YOUR TASK: When you return the data, keep every word exact and include none of the images.

** RECORDED DATA follows **

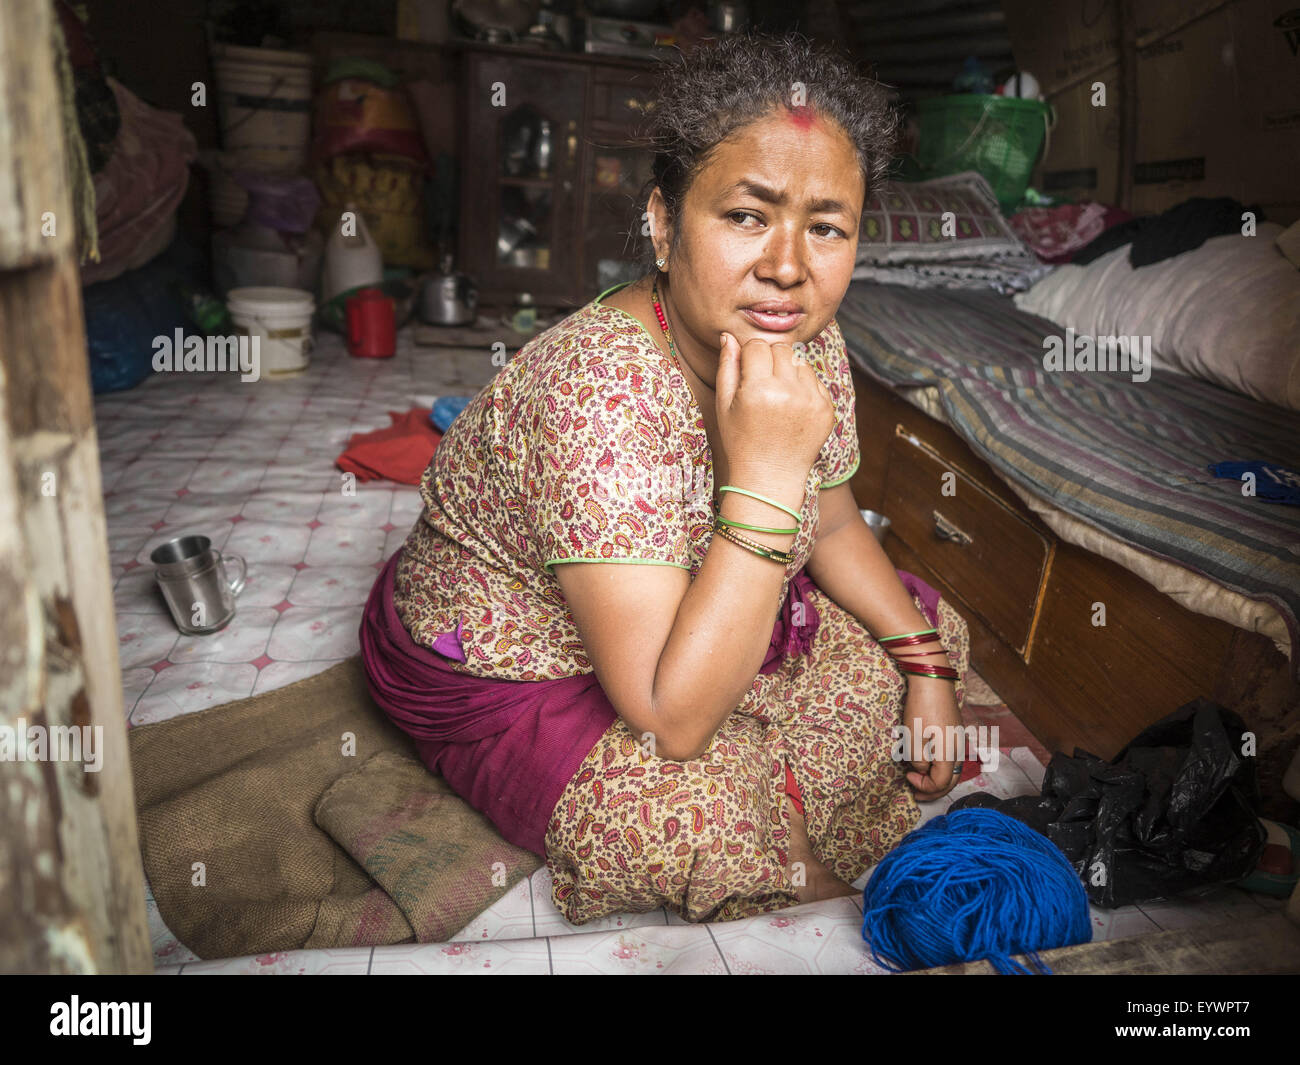 Bhaktapur, Central Region, Nepal. 2nd Aug, 2015. A woman sits in her temporary shelter in Bhaktapur. The Nepal Earthquake on April 25, 2015, (also known as the Gorkha earthquake) killed more than 9,000 people and injured more than 23,000. It had a magnitude of 7.8.  It was the worst natural disaster to strike Nepal since the 1934 Nepal''“Bihar earthquake. The earthquake triggered an avalanche on Mount Everest, killing at least 19. © ZUMA Press, Inc./Alamy Live News Stock Photo
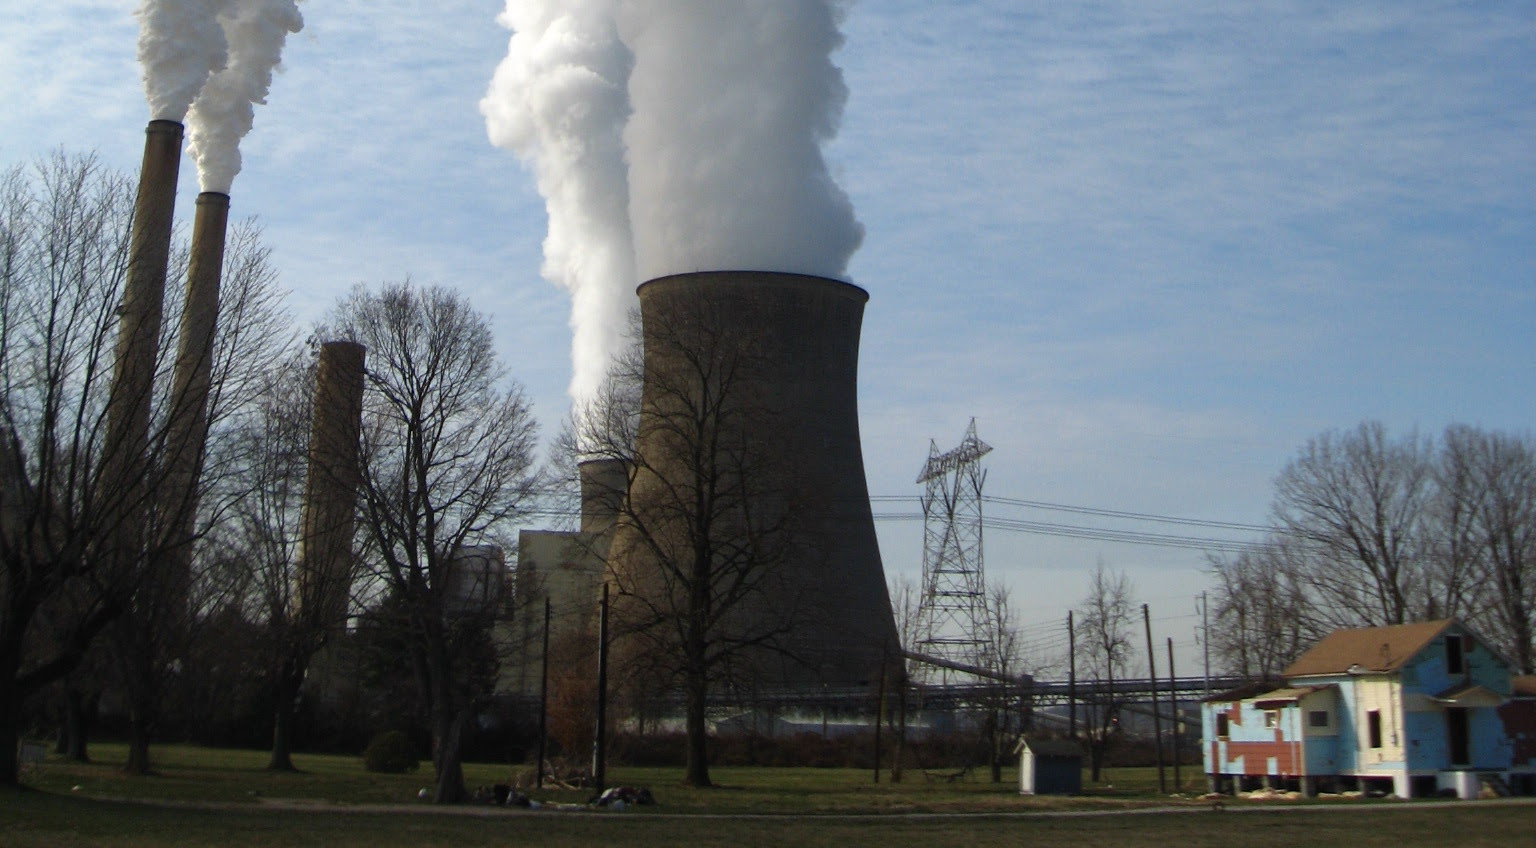 Pictured: Gavin Coal Plant in Cheshire, OH. Photo credit: dana-k, Flickr, CC BY 2.0 DEED.
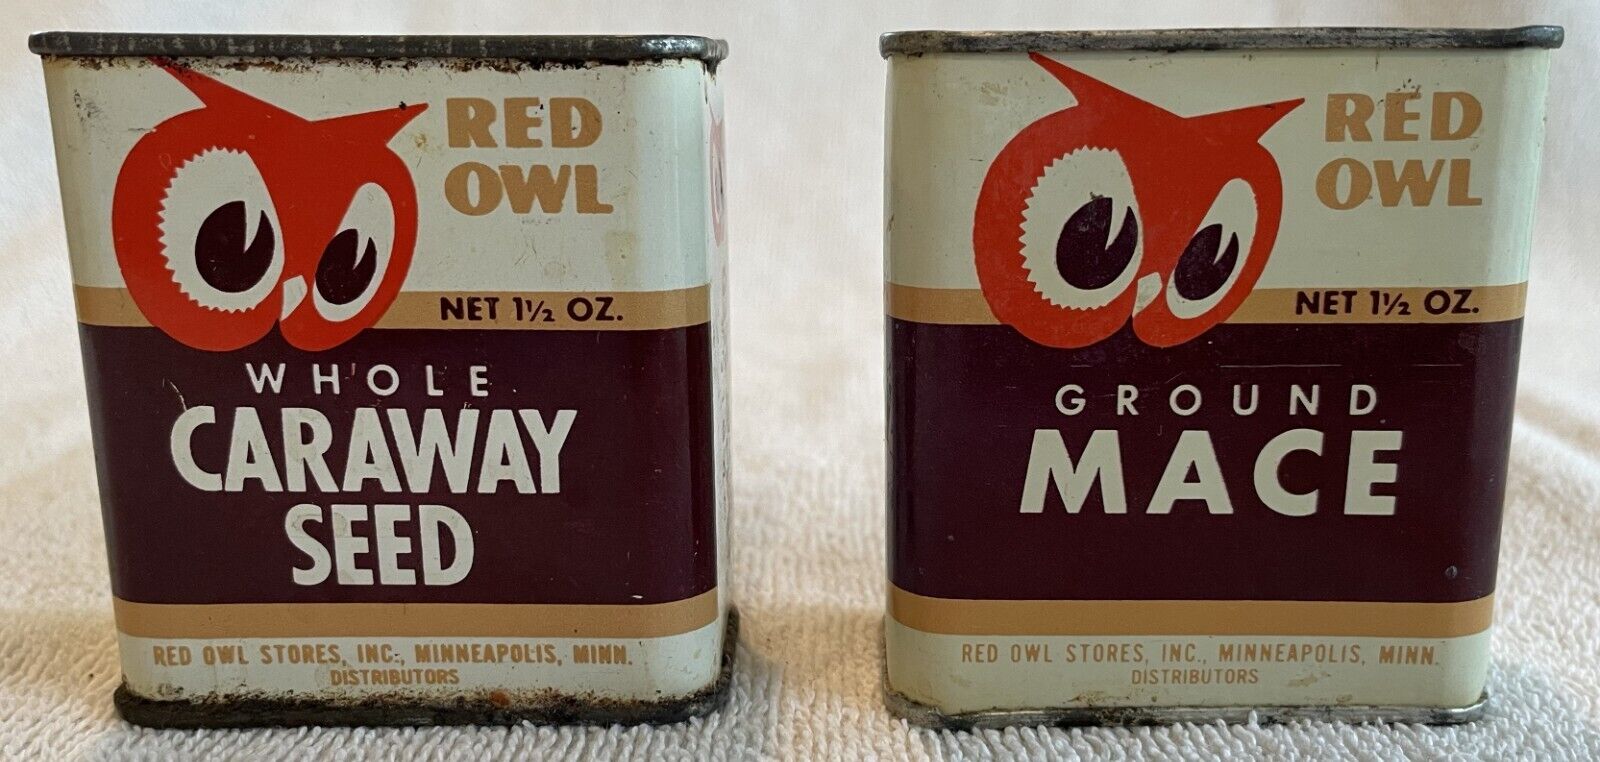 Vintage Lot of Two Red Owl Spice Tins - Caraway Seed and Ground Mace

** End of RECORDED DATA **

RESPONSE TO THE EXERCISE:
 Bhaktapur, Central Region, Nepal. 2nd Aug, 2015. A woman sits in her temporary shelter in Bhaktapur. The Nepal Earthquake on April 25, 2015, (also known as the Gorkha earthquake) killed more than 9,000 people and injured more than 23,000. It had a magnitude of 7.8.  It was the worst natural disaster to strike Nepal since the 1934 Nepal''“Bihar earthquake. The earthquake triggered an avalanche on Mount Everest, killing at least 19. © ZUMA Press, Inc./Alamy Live News Stock Photo
 Pictured: Gavin Coal Plant in Cheshire, OH. Photo credit: dana-k, Flickr, CC BY 2.0 DEED.
 Vintage Lot of Two Red Owl Spice Tins - Caraway Seed and Ground Mace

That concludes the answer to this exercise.